**EXERCISE REQUIREMENTS**: Work out how many lines of the listing hold the string "Black". Answer with that number alone.

**DATA EXCERPTS**:
************
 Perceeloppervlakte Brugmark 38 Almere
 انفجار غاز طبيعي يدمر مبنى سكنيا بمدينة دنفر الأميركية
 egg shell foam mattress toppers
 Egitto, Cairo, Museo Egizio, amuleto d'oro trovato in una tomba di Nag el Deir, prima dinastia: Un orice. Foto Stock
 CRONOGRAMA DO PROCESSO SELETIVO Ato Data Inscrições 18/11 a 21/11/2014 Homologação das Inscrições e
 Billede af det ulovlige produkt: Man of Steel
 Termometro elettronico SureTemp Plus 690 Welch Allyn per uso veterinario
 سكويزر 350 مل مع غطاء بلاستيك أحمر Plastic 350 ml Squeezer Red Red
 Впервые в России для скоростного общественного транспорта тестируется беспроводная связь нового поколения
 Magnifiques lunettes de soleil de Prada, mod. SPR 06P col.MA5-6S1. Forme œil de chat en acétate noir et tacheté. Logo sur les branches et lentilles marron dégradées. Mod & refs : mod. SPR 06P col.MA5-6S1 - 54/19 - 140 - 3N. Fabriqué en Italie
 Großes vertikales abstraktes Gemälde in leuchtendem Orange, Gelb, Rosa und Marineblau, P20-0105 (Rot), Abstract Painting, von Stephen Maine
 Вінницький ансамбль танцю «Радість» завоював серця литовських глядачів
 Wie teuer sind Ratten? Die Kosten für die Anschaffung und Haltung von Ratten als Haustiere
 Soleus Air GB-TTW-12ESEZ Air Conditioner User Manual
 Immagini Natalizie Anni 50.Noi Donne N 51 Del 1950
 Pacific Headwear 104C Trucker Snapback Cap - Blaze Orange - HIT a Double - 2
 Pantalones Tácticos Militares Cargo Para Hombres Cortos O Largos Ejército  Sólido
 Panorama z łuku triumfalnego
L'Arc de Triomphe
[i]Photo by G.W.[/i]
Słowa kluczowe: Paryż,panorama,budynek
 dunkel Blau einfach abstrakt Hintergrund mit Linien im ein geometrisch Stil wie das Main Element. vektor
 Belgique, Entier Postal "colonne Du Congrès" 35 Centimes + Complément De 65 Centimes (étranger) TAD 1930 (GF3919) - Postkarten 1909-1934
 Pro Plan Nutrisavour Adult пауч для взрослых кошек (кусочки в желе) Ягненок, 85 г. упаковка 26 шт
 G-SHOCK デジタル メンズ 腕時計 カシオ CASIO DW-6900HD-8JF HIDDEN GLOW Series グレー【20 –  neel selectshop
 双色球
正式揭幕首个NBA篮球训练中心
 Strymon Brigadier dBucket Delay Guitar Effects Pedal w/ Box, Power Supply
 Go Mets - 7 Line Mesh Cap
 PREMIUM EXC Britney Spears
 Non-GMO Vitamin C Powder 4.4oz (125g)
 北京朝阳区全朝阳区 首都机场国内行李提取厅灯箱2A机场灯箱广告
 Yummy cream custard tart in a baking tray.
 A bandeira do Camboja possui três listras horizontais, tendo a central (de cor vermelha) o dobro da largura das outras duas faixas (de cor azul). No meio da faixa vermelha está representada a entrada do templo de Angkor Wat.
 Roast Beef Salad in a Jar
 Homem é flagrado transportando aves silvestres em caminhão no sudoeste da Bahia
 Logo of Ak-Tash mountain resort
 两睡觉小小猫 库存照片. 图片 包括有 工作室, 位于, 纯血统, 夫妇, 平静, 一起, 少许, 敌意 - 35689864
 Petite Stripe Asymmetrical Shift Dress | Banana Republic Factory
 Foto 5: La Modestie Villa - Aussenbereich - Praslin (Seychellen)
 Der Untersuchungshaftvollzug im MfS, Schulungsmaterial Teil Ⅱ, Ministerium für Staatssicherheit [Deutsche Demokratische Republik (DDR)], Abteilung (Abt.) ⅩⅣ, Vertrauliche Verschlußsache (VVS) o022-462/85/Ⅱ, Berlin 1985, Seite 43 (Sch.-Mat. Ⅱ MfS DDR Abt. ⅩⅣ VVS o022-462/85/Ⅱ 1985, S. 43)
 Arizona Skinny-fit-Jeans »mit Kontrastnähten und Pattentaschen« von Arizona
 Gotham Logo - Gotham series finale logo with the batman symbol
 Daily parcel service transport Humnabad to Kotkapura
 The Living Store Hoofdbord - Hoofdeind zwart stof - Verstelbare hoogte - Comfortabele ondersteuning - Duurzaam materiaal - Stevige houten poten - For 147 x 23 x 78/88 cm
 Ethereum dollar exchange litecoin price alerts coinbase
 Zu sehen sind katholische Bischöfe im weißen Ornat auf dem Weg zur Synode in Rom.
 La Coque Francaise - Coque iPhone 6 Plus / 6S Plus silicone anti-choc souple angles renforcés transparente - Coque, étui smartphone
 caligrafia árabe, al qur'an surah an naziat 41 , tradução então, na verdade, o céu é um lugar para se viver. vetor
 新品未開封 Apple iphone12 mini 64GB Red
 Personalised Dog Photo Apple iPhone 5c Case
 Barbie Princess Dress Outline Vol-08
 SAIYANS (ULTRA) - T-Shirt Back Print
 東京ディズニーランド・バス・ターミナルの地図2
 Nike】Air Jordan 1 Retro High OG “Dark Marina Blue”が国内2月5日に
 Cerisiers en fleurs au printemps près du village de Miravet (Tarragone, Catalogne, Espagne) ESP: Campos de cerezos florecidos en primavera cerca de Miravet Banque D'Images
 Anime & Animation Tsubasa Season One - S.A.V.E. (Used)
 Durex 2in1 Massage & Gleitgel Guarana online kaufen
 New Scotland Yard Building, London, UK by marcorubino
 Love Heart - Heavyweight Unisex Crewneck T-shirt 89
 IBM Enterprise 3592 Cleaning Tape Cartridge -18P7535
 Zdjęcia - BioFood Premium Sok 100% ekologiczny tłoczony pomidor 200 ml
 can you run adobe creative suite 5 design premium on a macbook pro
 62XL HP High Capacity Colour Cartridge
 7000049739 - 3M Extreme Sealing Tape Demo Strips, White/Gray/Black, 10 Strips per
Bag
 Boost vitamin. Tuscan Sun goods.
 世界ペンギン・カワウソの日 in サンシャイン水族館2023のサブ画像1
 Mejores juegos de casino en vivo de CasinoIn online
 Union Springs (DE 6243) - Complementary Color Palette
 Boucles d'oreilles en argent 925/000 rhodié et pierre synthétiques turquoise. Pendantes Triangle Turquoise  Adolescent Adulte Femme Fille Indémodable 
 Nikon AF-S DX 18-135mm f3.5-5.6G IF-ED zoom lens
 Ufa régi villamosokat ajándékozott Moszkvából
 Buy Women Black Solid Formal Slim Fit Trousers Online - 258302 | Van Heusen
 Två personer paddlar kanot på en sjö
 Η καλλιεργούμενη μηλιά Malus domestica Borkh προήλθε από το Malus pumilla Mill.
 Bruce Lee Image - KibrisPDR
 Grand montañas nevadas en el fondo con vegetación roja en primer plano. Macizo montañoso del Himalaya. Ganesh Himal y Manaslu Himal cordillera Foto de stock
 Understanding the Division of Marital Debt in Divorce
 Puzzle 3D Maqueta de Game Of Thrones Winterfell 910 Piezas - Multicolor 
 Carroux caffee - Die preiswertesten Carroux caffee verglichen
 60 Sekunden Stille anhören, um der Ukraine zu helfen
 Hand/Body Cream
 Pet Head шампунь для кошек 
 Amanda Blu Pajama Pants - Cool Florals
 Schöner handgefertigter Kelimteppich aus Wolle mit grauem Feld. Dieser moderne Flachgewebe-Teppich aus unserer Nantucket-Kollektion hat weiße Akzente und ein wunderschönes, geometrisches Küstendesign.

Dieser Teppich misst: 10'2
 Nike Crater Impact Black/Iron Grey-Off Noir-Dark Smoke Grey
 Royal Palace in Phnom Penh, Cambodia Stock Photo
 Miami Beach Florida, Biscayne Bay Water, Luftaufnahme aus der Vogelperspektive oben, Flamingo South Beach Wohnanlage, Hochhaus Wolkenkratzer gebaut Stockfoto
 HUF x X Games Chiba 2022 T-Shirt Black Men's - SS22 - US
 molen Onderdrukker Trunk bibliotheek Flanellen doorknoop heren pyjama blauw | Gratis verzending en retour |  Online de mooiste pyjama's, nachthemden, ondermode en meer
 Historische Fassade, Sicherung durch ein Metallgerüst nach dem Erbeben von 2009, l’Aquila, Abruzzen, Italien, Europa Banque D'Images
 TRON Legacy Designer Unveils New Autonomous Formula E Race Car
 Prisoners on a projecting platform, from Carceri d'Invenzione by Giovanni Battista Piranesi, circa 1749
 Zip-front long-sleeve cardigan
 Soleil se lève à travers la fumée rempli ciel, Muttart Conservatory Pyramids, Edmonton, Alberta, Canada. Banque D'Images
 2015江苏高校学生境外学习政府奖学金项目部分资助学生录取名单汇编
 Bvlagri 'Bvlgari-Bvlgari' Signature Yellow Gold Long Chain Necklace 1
************
**RESULT**: 4